Semantic Label Drift in Cross-Cultural Translation
This addresses a critical issue for developers and users of machine translation systems in low-resource settings, highlighting risks of misinterpretation and cultural conflict, though it is incremental as it builds on prior work on sentiment preservation.
The paper tackles the problem of semantic label drift in machine translation due to cultural misalignment, finding that modern LLMs induce significant drift in culturally sensitive domains, with cultural similarity being a key factor in label preservation.

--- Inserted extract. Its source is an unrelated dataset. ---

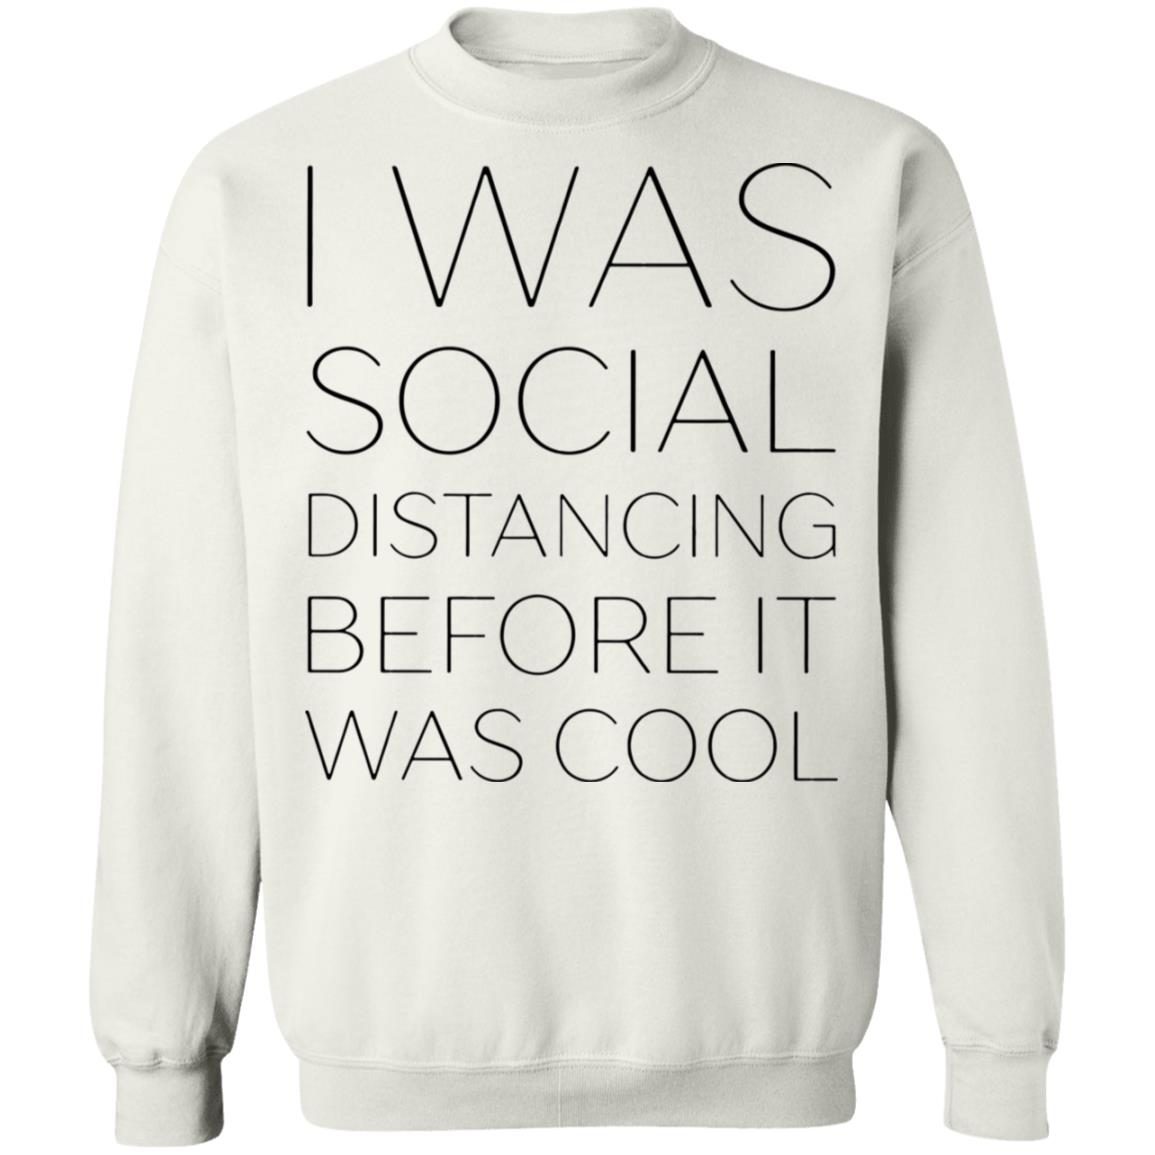 I Was Social Distancing Before It Was Cool shirt 4
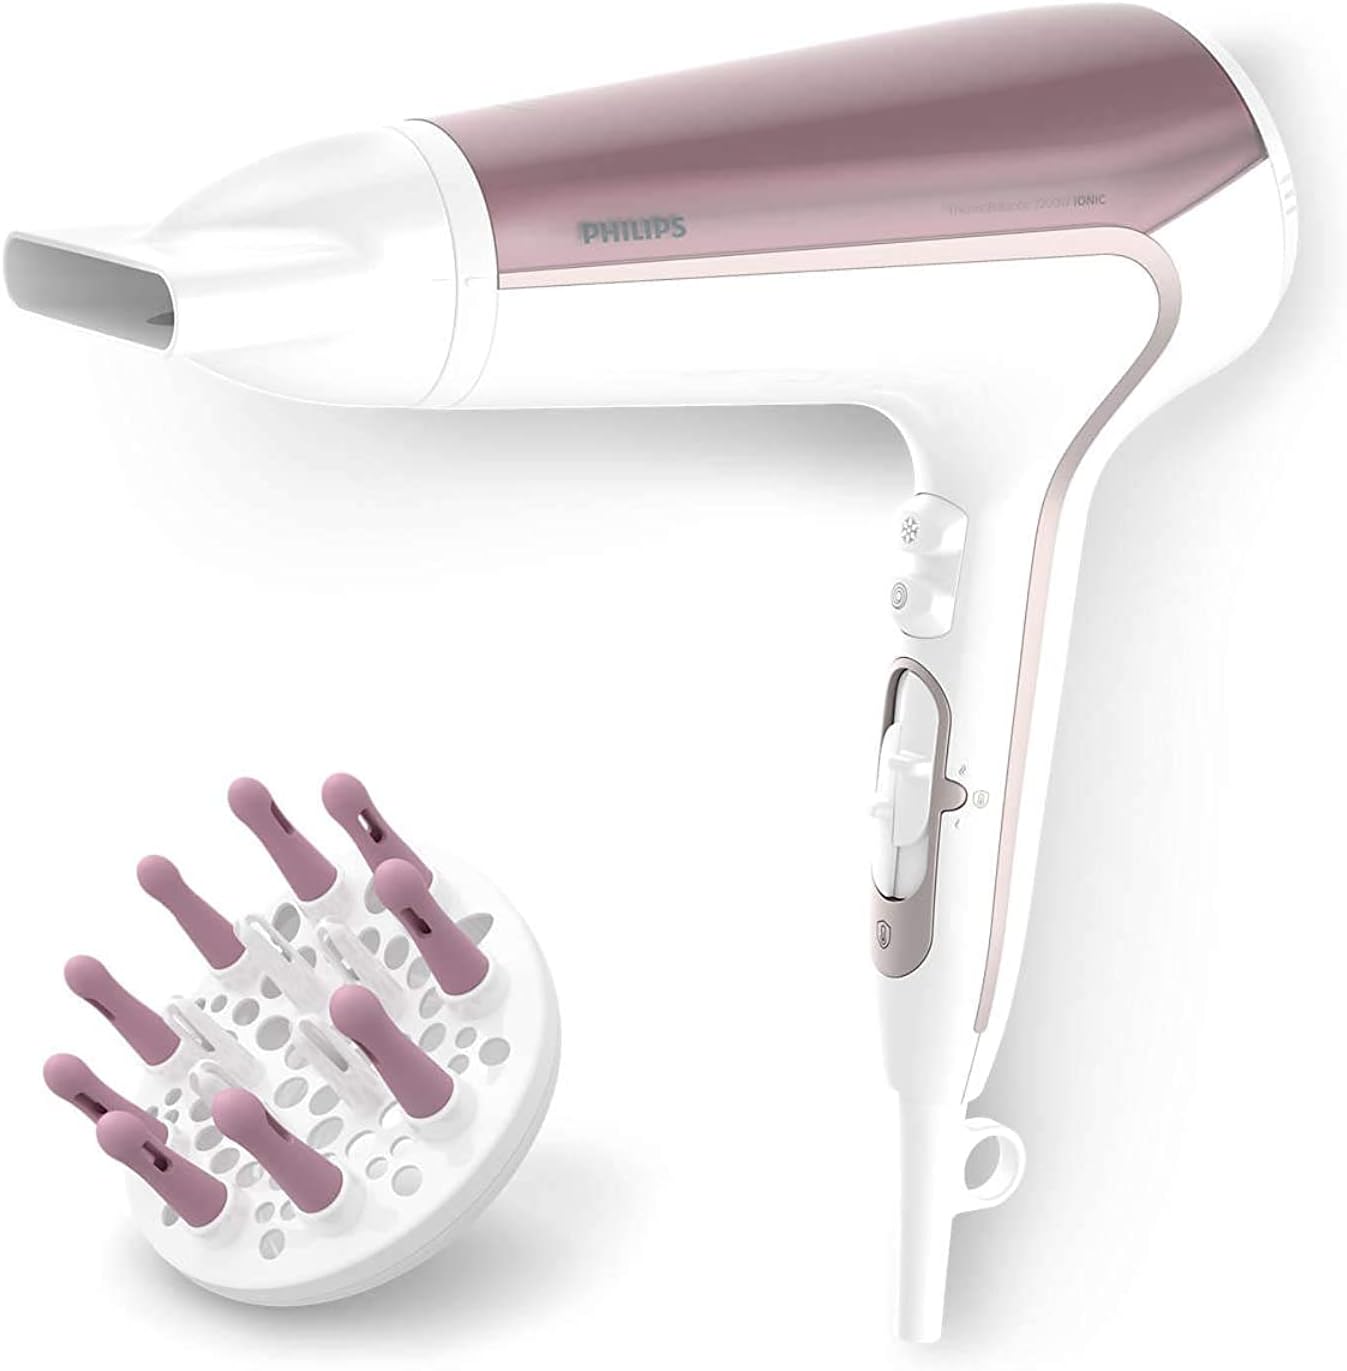 Philips DryCare Advanced Hair Dryer | Power 2200W | Color White | Best Personal Care Accessories in Bahrain | Halabh

Machine Translation (MT) is widely employed to address resource scarcity in low-resource languages by generating synthetic data from high-resource counterparts. While sentiment preservation in translation has long been studied, a critical but underexplored factor is the role of cultural alignment between source and target languages. In this paper, we hypothesize that semantic labels are drifted or altered during MT due to cultural divergence. Through a series of experiments across culturally sensitive and neutral domains, we establish three key findings: (1) MT systems, including modern Large Language Models (LLMs), induce label drift during translation, particularly in culturally sensitive domains; (2) unlike earlier statistical MT tools, LLMs encode cultural knowledge, and leveraging this knowledge can amplify label drift; and (3) cultural similarity or dissimilarity between source and target languages is a crucial determinant of label preservation. Our findings highlight that neglecting cultural factors in MT not only undermines label fidelity but also risks misinterpretation and cultural conflict in downstream applications.